WHS Act requirements of PCBUs

PCBUs must, so far as is reasonable practicable, ensure the safety of workers. This duty comprises a number of elements, some of which are specifically directed towards ensuring safe work practices and behaviours, such as providing:

  • safe systems of work; and
  • information, instruction, training and supervision necessary to protect workers from health and safety risks.
     

Of course, it is not possible to insulate workers from all work health and safety risks — in fact, human behaviour is one of the most variable factors impacting safety at work. Fortunately, the WHS Act does not require a PCBU to ensure safe outcomes all the time. The duty is qualified by what is reasonably practicable.

‘Reasonable practicability’ involves weighing up the relevant factors:

  • The likelihood of the hazard or risk concerned occurring;
  • The degree of harm that might result from the hazard or risk;
  • What the person concerned knows or reasonably ought to know about: (1) the hazard or risk, and (2) ways of eliminating or minimising the risk;
  • The availability and suitability of ways to eliminate or minimise the risk; and
  • After assessing the extent of the risk and the available ways of eliminating or minimising the risk, the cost associated with those activities, including whether the cost is grossly disproportionate to the risk.
     

If it is not reasonably practicable for a PCBU to minimise or eliminate a risk, review the hierarchy of control measures outlined in the model Work Health and Safety Regulations to reduce safety risks to the lowest level practicable — eg, isolating the hazard or reducing risks through engineered controls.

If it is not reasonably practicable to eliminate or minimise the risk through higher order controls, PCBUs should reduce exposure to risk by using administrative controls and personal protective equipment.

Requirements of workers

The obligation to identify and manage risks in the workplace is not wholly delegated to PCBUs — workers also have an obligation under WHS legislation to take reasonable care for their own health and safety, and to ensure their actions don’t affect another person’s health or safety.

Workers cannot reduce or qualify their obligation by stating their risk-taking only affects themselves. Actions and omissions, such as failing to comply with safe work methods, can give rise to risks to individual workers and others.

Workers provided with reasonable instructions, such as wearing personal protective equipment and clothing and complying with safe work methods, have also obligations to comply.

Serious misconduct by employees

Not all workers are directly employed by a PCBU. The following information pertains to workers employed by a PCBU, rather than contractors or subcontractors. As such, the term ‘employee’ has been used.

An employee can be summarily dismissed if their actions or omissions amount to ‘serious misconduct’ as defined by the Fair Work Regulations 2009 (Cth). This includes a worker engaging in wilful or deliberate behaviour that is inconsistent with the continuation of their employment relationship, such as deliberately not adhering to a safety policy after being provided with a reasonable direction to do so. Behaviour that causes a serious and imminent risk to health or safety can amount to serious misconduct.
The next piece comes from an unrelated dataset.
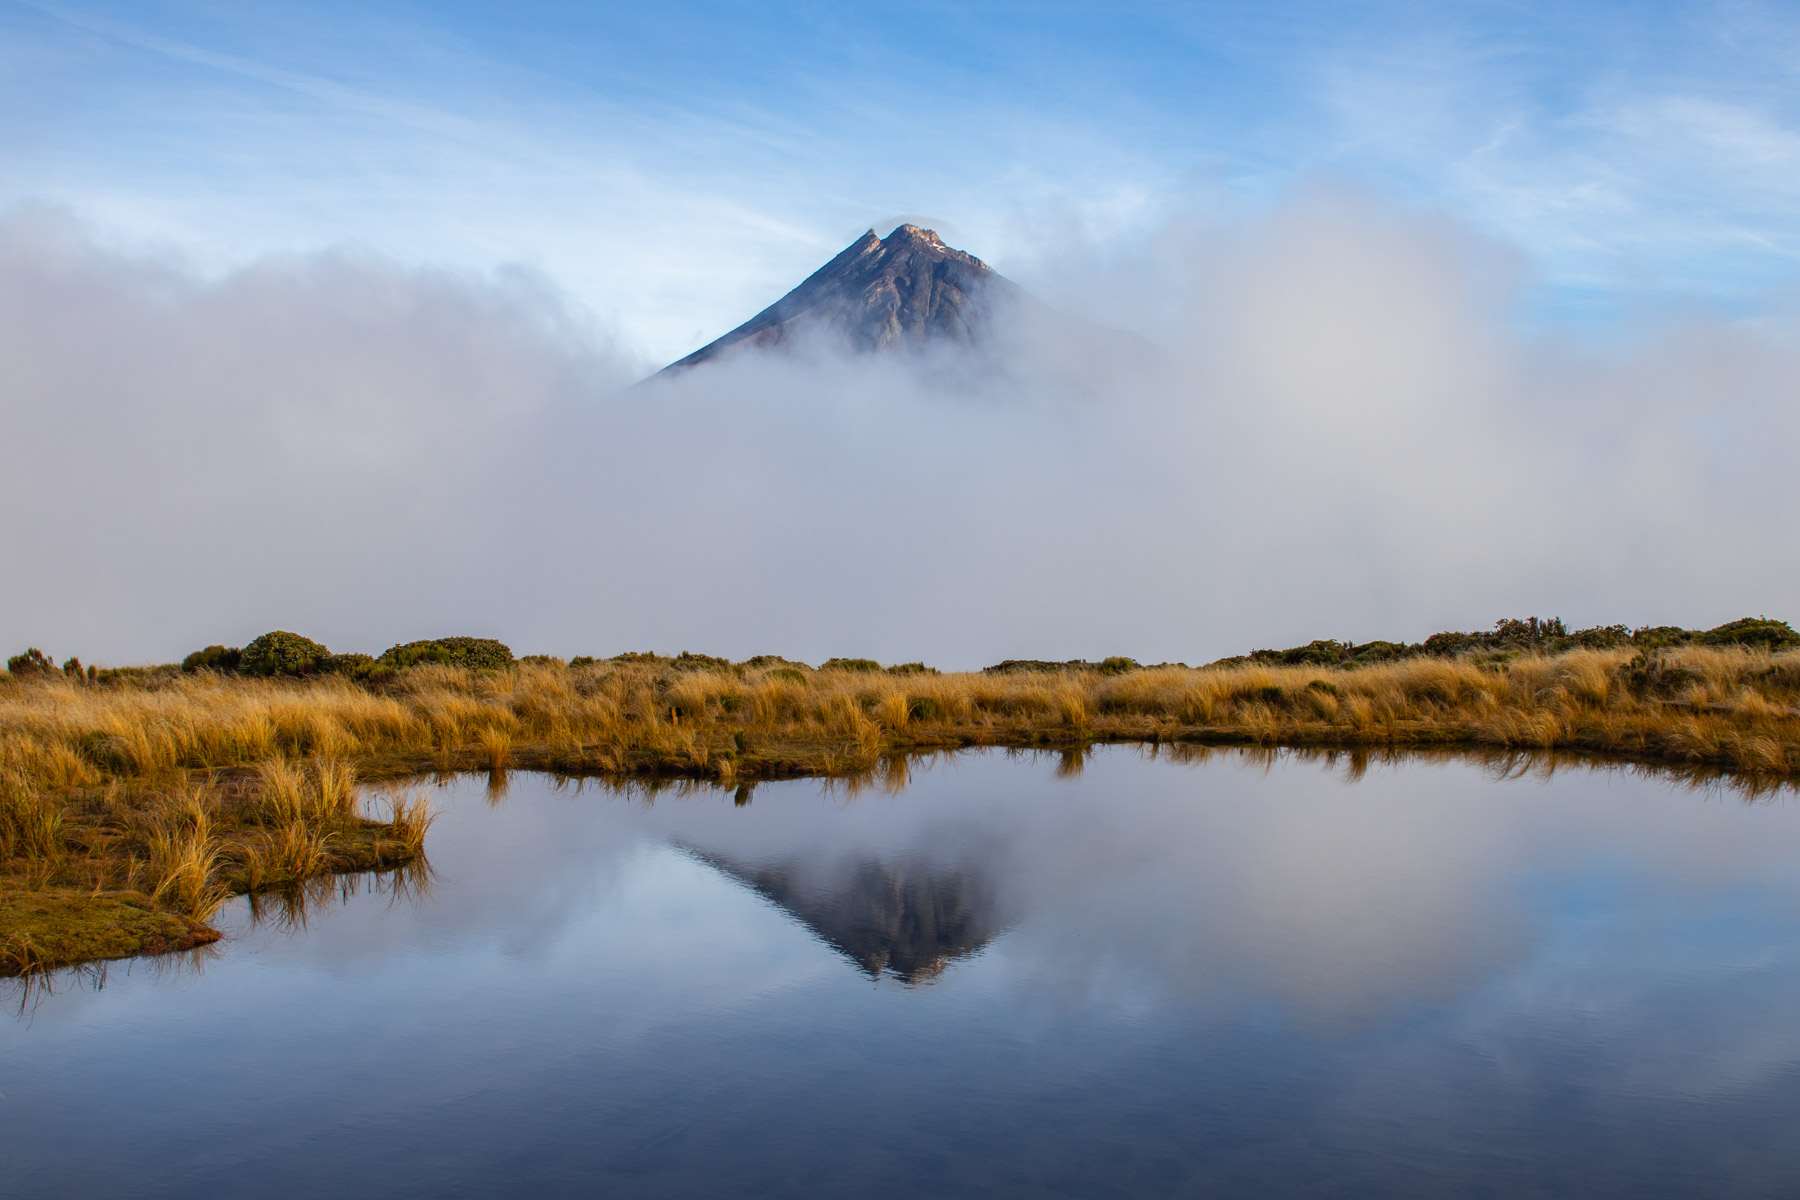 Le sommet d’un volcan dépasse les nuages et se reflète sur les eaux paisibles d’un petit étang bordé par de hautes herbes jaunes.

For an employer to have a valid basis for dismissal, an employee’s breach of a safety policy or procedure doesn’t need to amount to serious misconduct or result in an incident or serious safety risk. In circumstances when an employee (despite training and instruction) fails to comply with basic safety rules, the only way to ensure the safety of workers might be to remove an unsafe employee or worker from the workforce.

Recent case law

Recent Fair Work Commission (FWC) decisions have indicated safety breaches do not need to result in an incident to justify termination. Rather, PCBUs should look at the risk created by a worker’s breach of safety policy and procedure, and the extent of training, instruction and supervision provided to employees.
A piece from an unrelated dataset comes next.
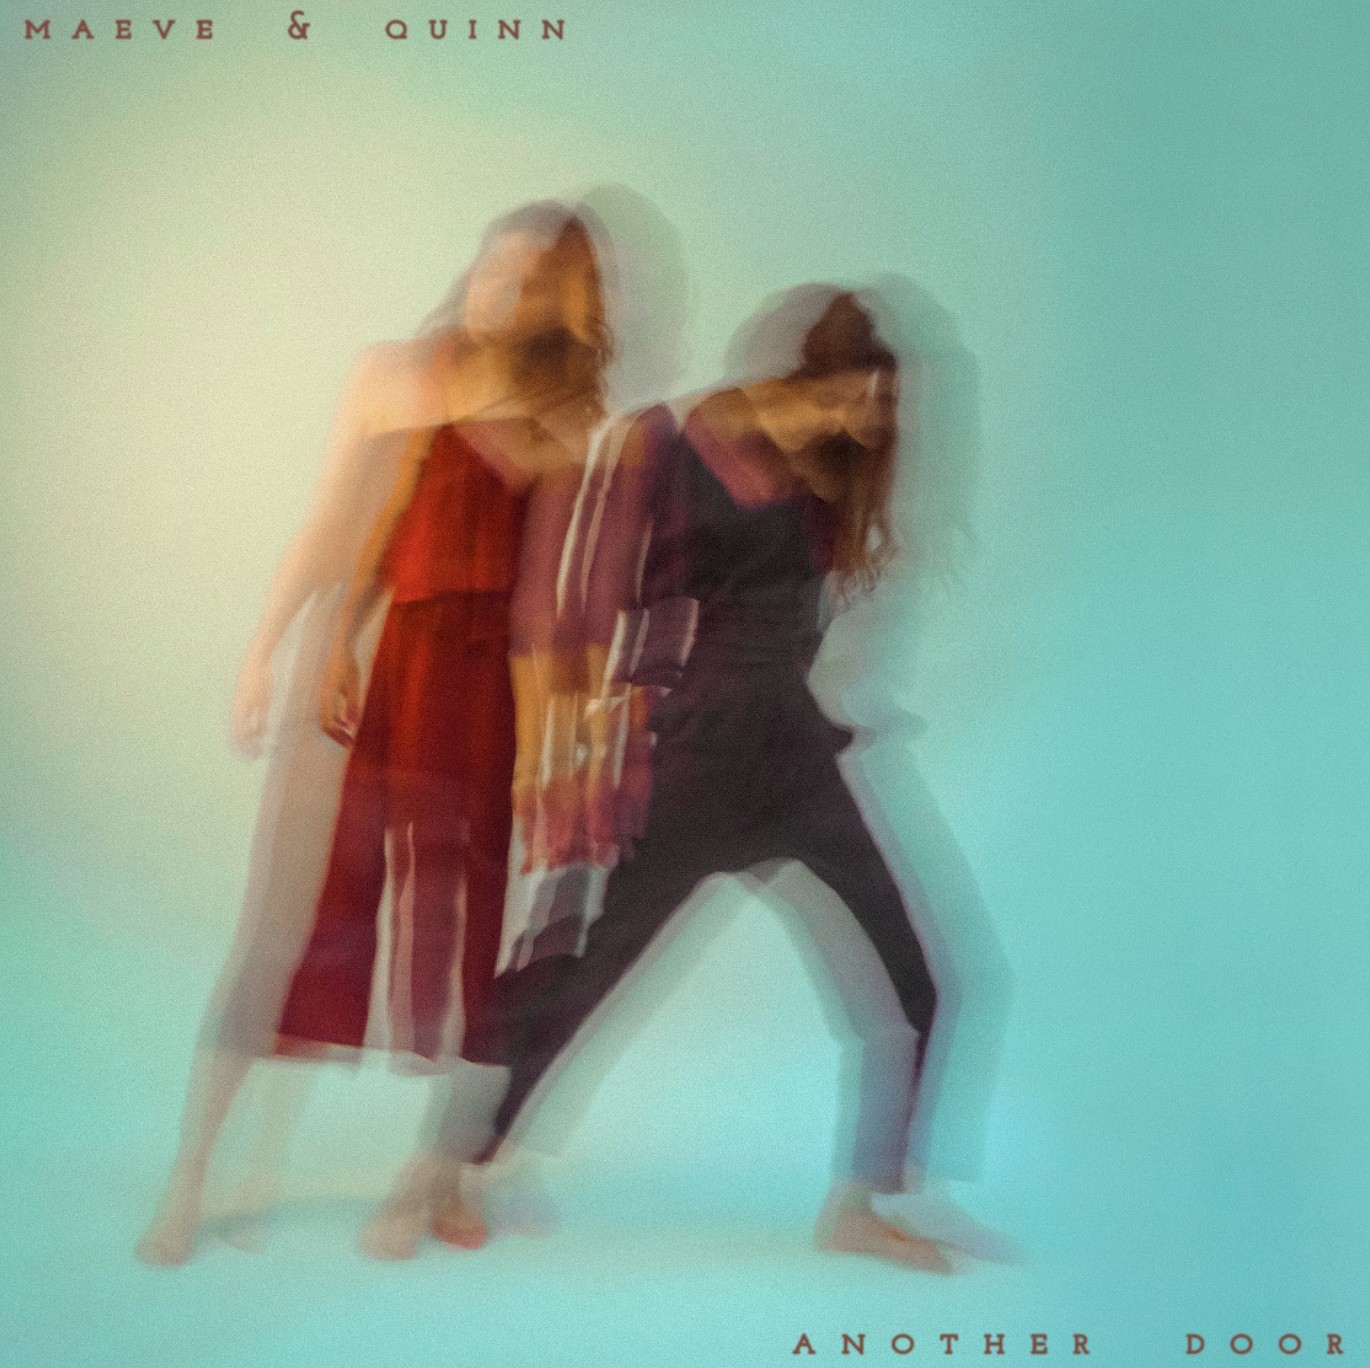 maeve & quinn ‘Another Door’ album artwork

In Robert Drysdale v John L Pierce Pty Ltd [2017] FWC 1251, a fuel delivery driver was validly dismissed for failing to comply with exclusion zone requirements to delineate a work area at a petrol station and adhere to a requirement not to use a mobile phone while discharging fuel from a truck. The requirements were documented in work procedures that the driver had been trained in. Although the mobile phone breach was described by the driver as a “30-second error of judgement”, if a leakage or a spillage occurred at the connection point, (the point where the tanker’s fuel hose connected to the service station’s underground storage tank) the distracted employee would be less likely to be able to activate the emergency stop device.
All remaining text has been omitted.